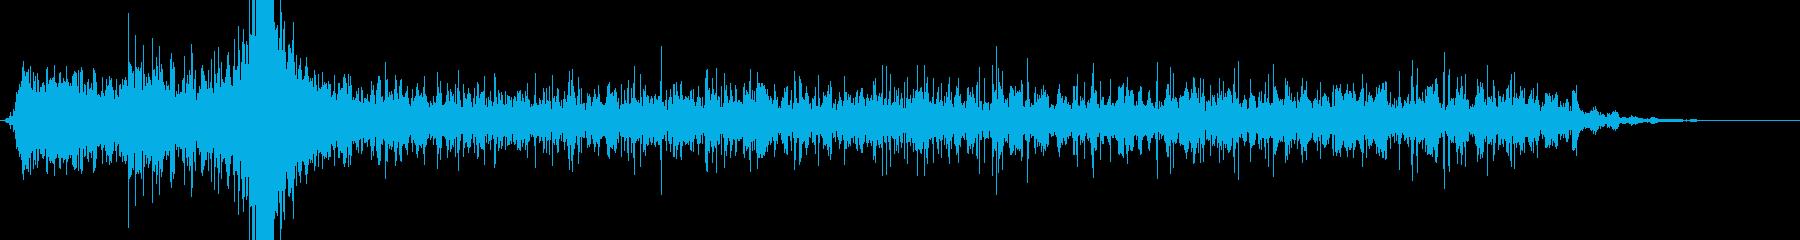 毒液を吐いて纏わりつくような音の再生済みの波形
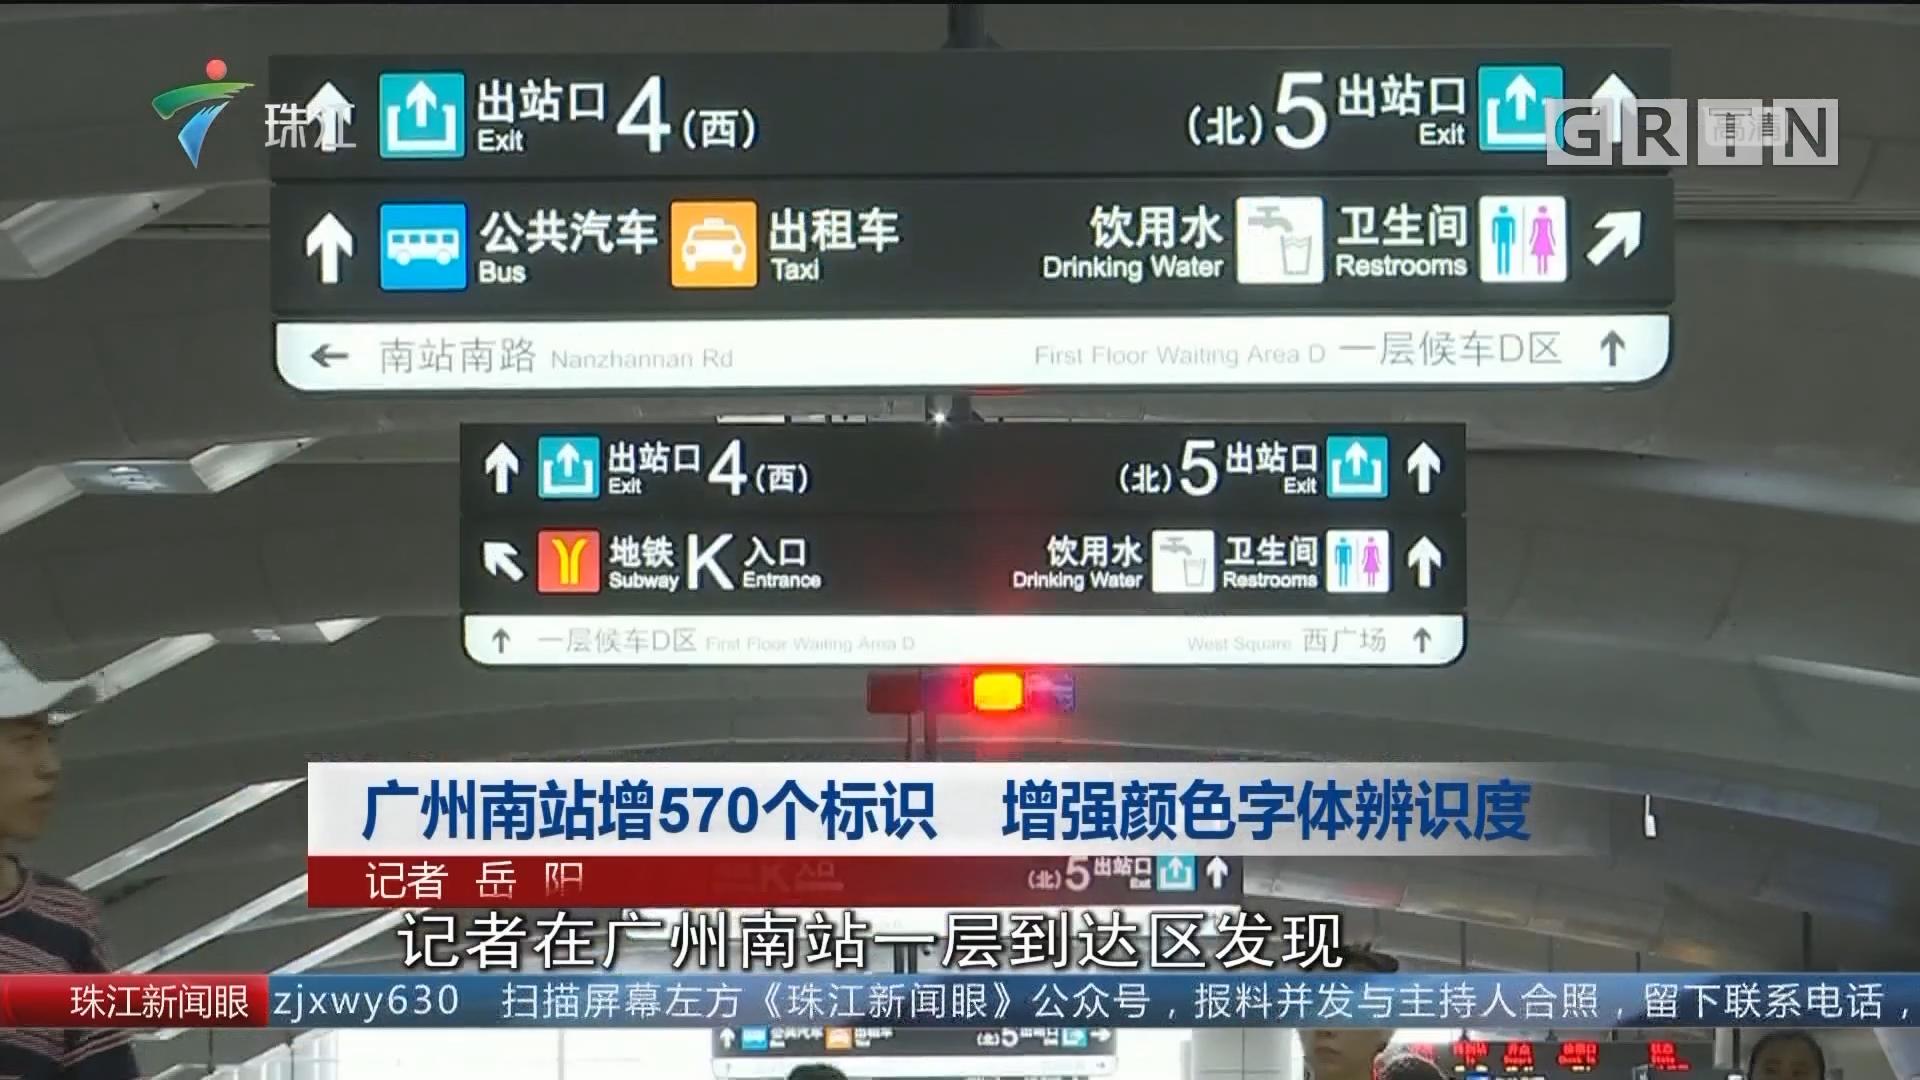 广州南站增570个标识 增强颜色字体辨识度
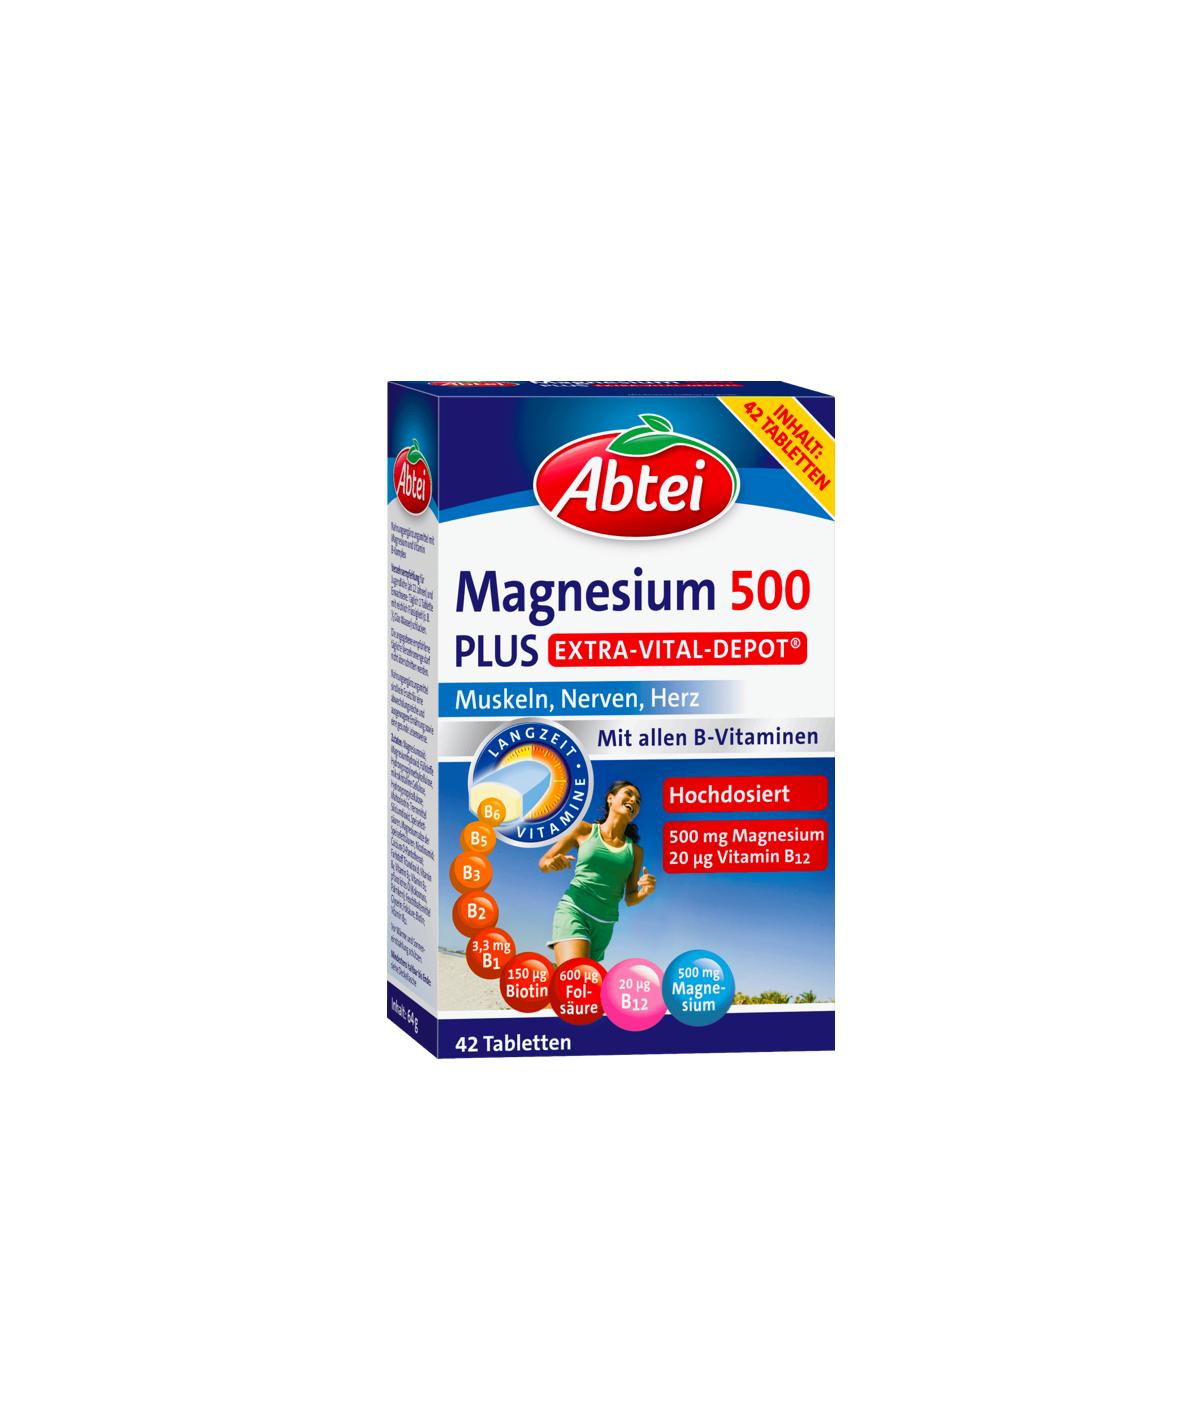 Magnesium 500 Plus Vital Depot comprimés 42 pièces, 64 g

### Directions for this task
The entire listing above, word for word and without pictures, is what should be output.

### Response area
 毒液を吐いて纏わりつくような音の再生済みの波形
 广州南站增570个标识 增强颜色字体辨识度
 Magnesium 500 Plus Vital Depot comprimés 42 pièces, 64 g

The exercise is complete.